● **ACTIVITY**:
Output, exactly as written, the lines below from the one that has "nit4u Gadgets" through the one that has "pic montre: Les"; nothing else, and no pictures.

● **DATA SUPPLIED**:
-- Opening Marker --

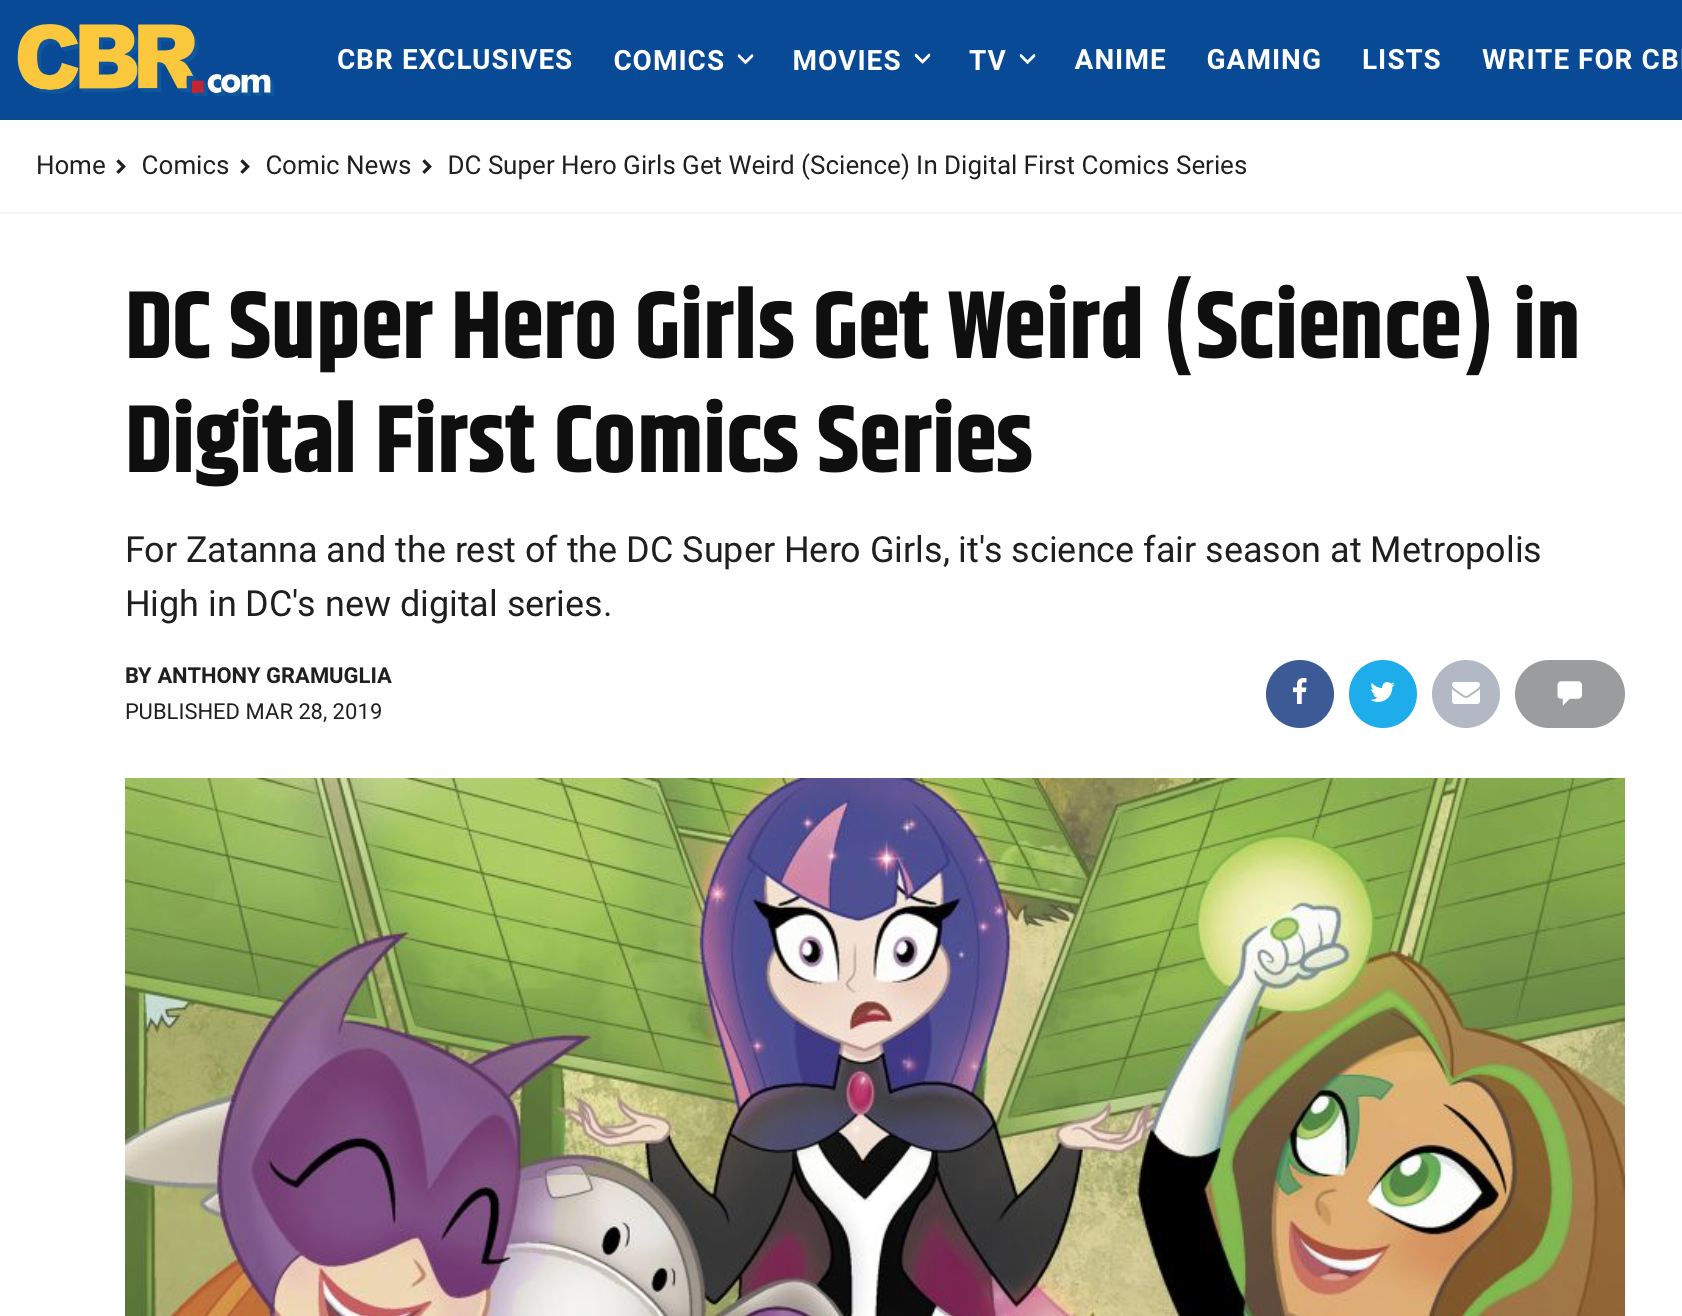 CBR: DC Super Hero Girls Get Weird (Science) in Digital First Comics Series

-- Closing Marker --
-- Opening Marker --

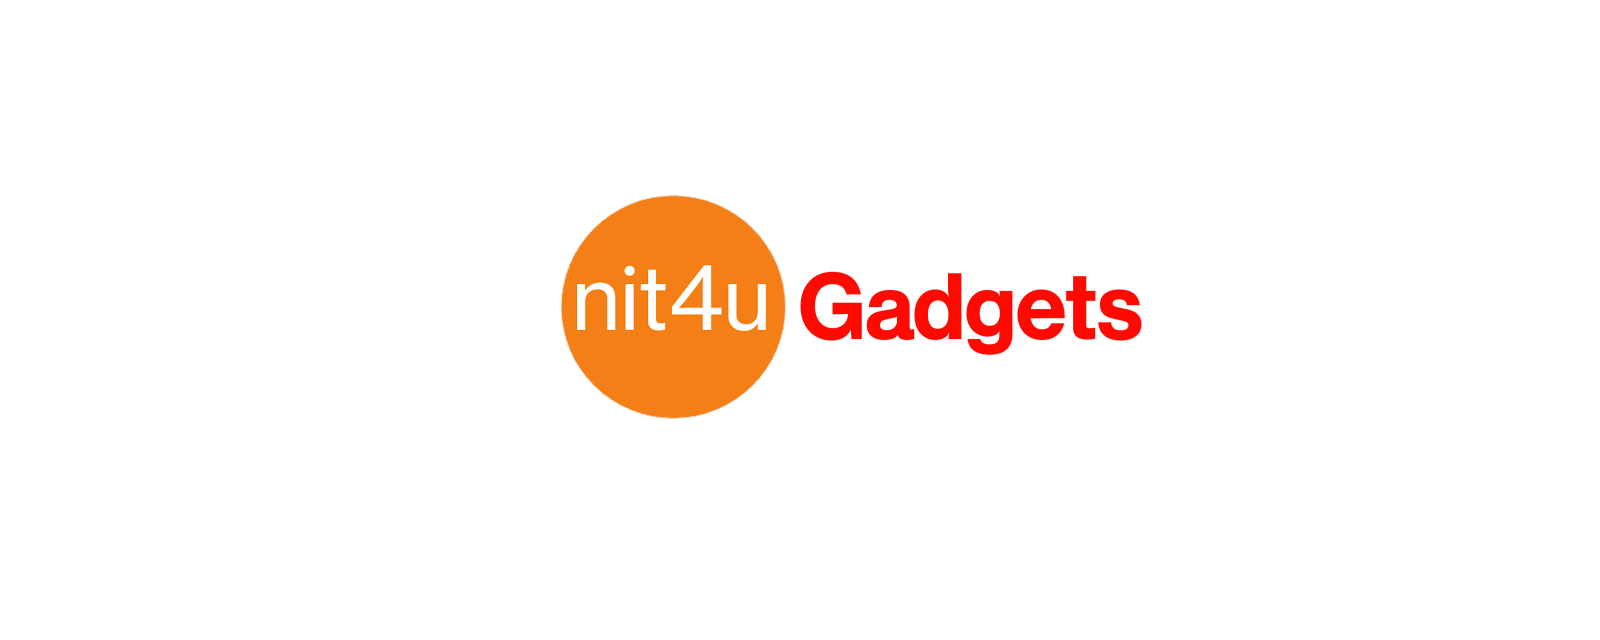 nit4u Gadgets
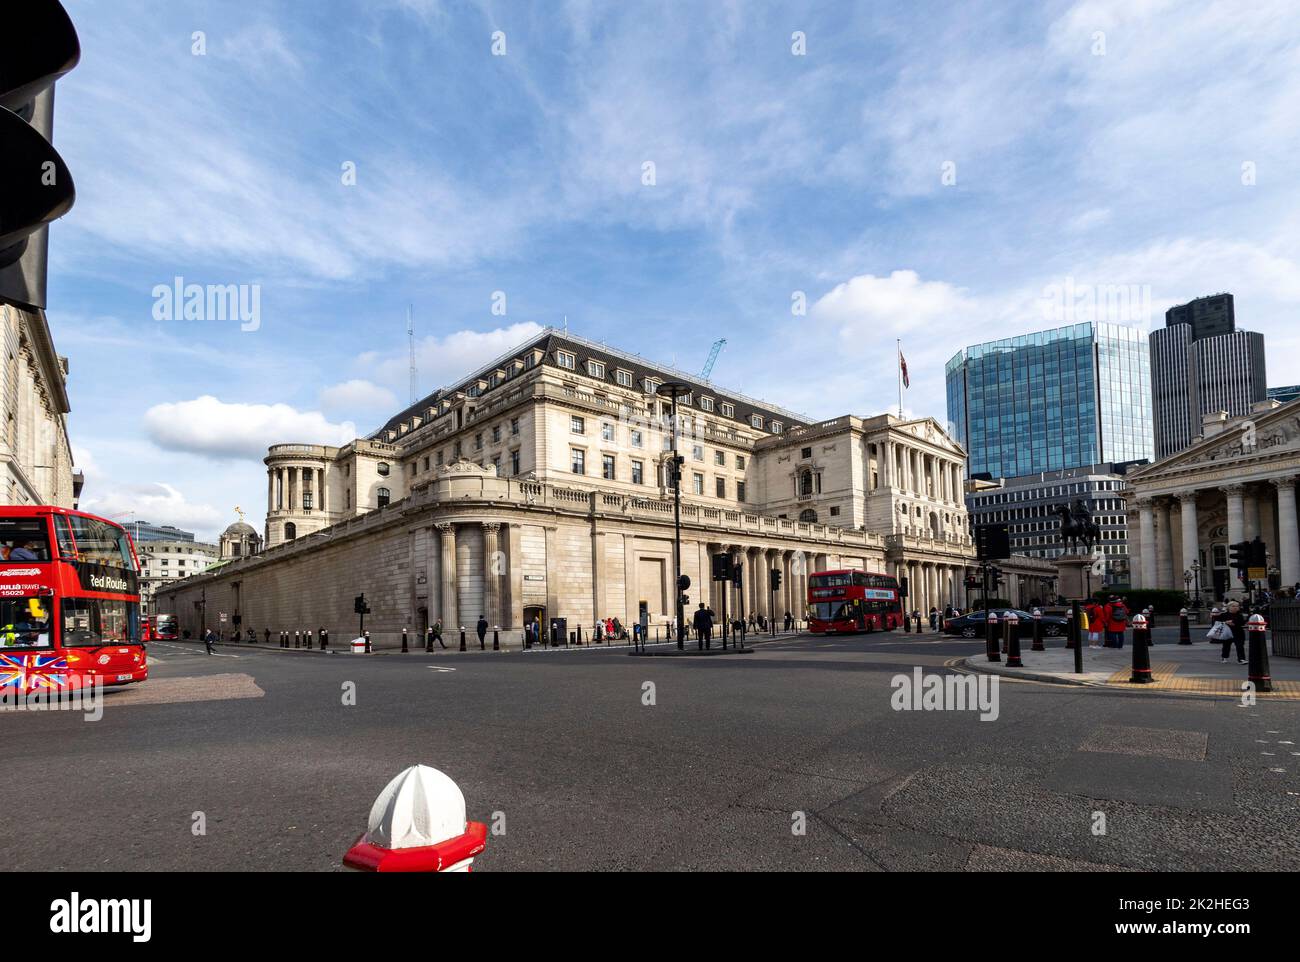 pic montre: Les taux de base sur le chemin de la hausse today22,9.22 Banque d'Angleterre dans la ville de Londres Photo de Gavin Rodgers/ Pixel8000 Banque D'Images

-- Closing Marker --
-- Opening Marker --

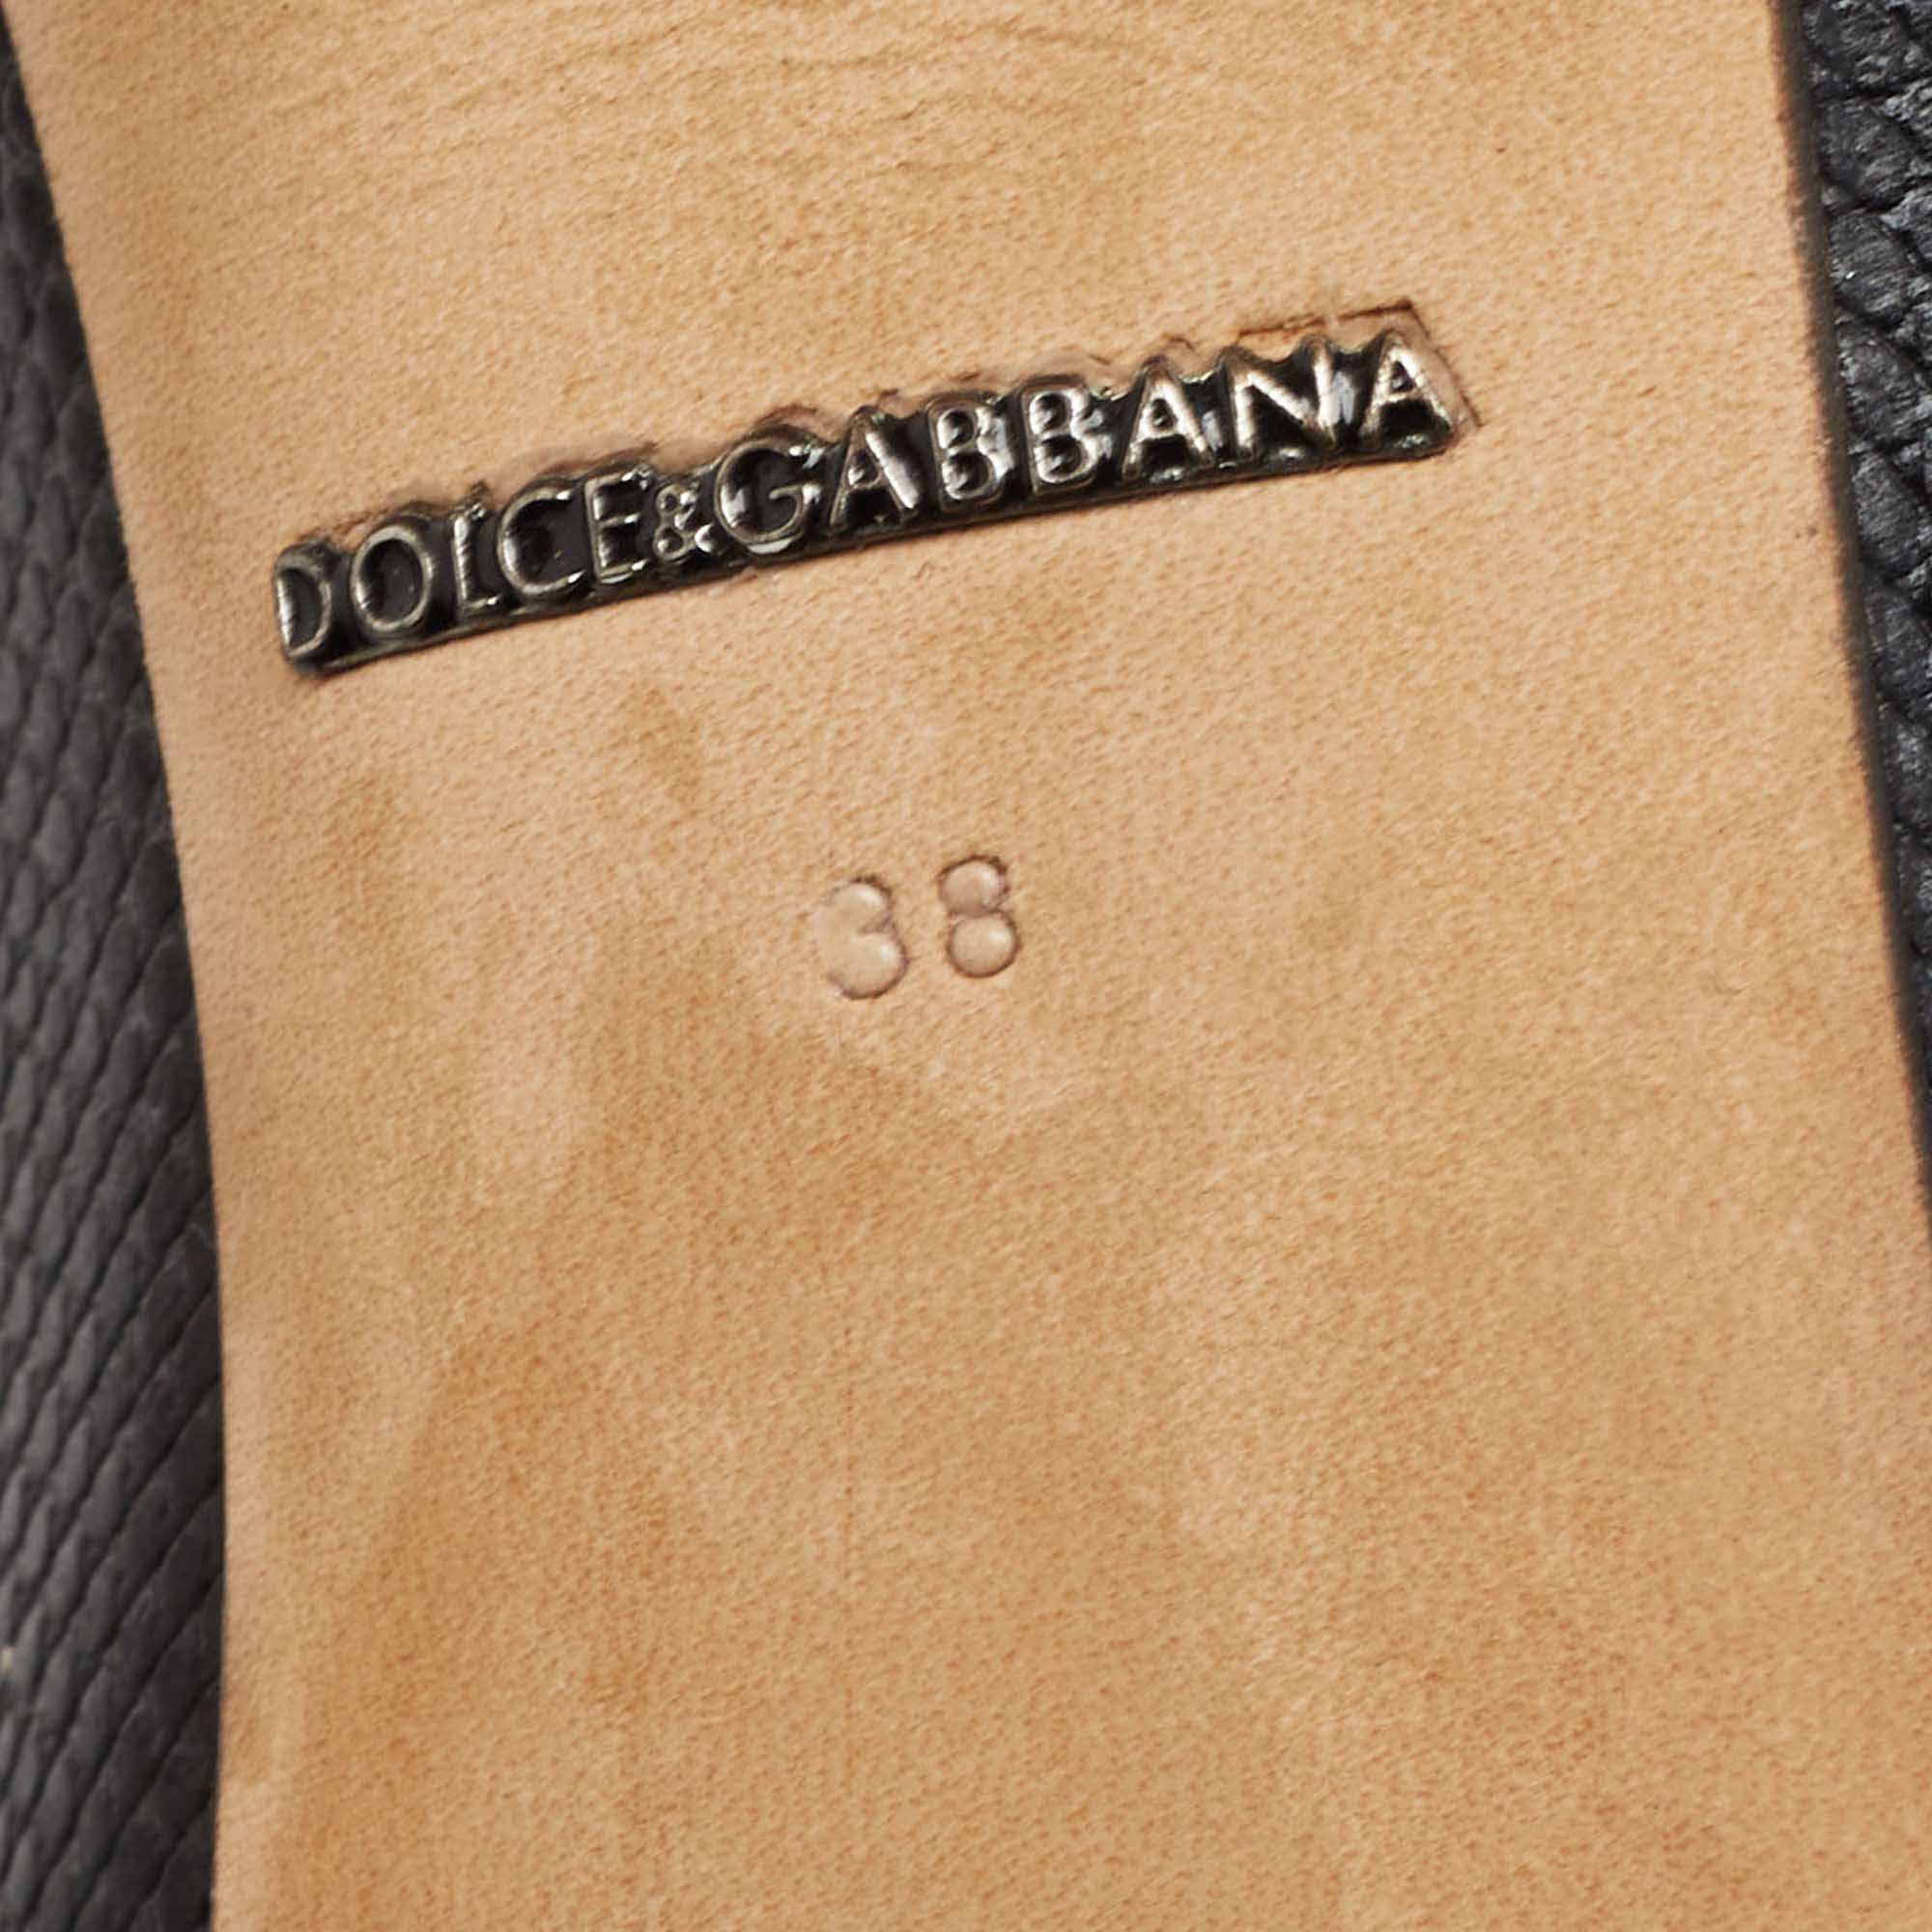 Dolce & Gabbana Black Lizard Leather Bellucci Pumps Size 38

-- Closing Marker --

● **REPLY**:
 nit4u Gadgets
 pic montre: Les taux de base sur le chemin de la hausse today22,9.22 Banque d'Angleterre dans la ville de Londres Photo de Gavin Rodgers/ Pixel8000 Banque D'Images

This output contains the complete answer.